Start by recalling the identity for tangent: $ \tan\theta = \frac{\sin\theta}{\cos\theta} $. Given $ \tan\theta = \frac{5}{12} $, we can set $ \sin\theta = 5k $ and $ \cos\theta = 12k $ for some positive constant $ k $.

Use the Pythagorean identity $ \sin^2\theta + \cos^2\theta = 1 $ to find $ k $. Substitute $ \sin\theta = 5k $ and $ \cos\theta = 12k $ into the identity: $ (5k)^2 + (12k)^2 = 1 $.

Simplify the equation: $ 25k^2 + 144k^2 = 1 $, which gives $ 169k^2 = 1 $. Solve for $ k $ to find $ k = \frac{1}{13} $.

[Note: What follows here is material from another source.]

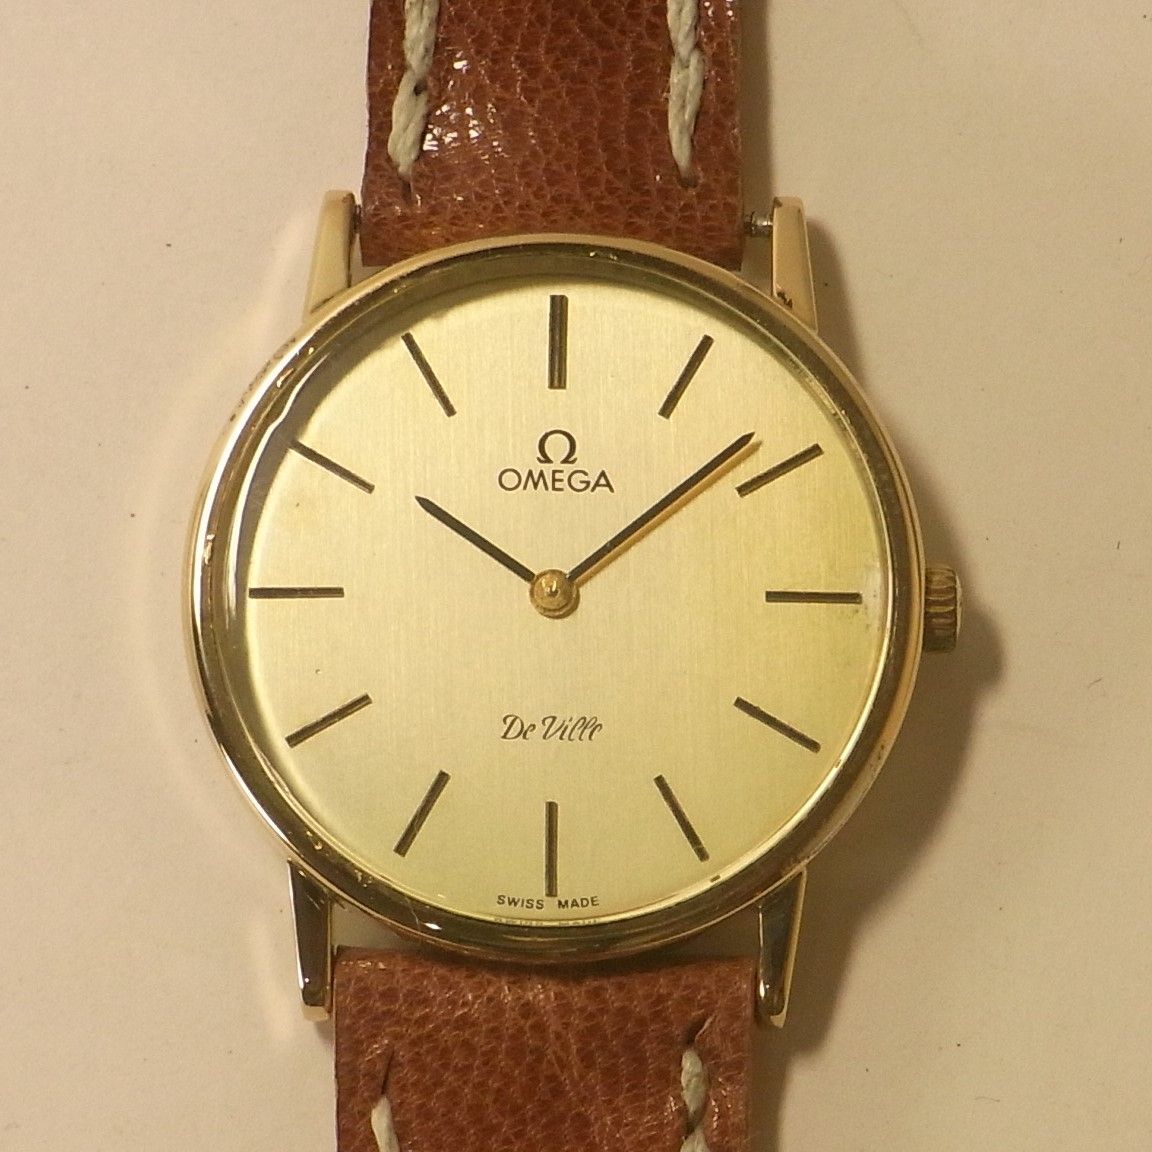 OMEGA/オメガ】Deville/デビルcal.1478 アンティーク腕時計 - 時計

Substitute $ k = \frac{1}{13} $ back into $ \sin\theta = 5k $ and $ \cos\theta = 12k $ to find $ \sin\theta = \frac{5}{13} $ and $ \cos\theta = \frac{12}{13} $.

Use the double angle identity for cosine: $ \cos(2\theta) = \cos^2\theta - \sin^2\theta $. Substitute $ \cos\theta = \frac{12}{13} $ and $ \sin\theta = \frac{5}{13} $ into the identity to find $ \cos(2\theta) = \left(\frac{12}{13}\right)^2 - \left(\frac{5}{13}\right)^2 $.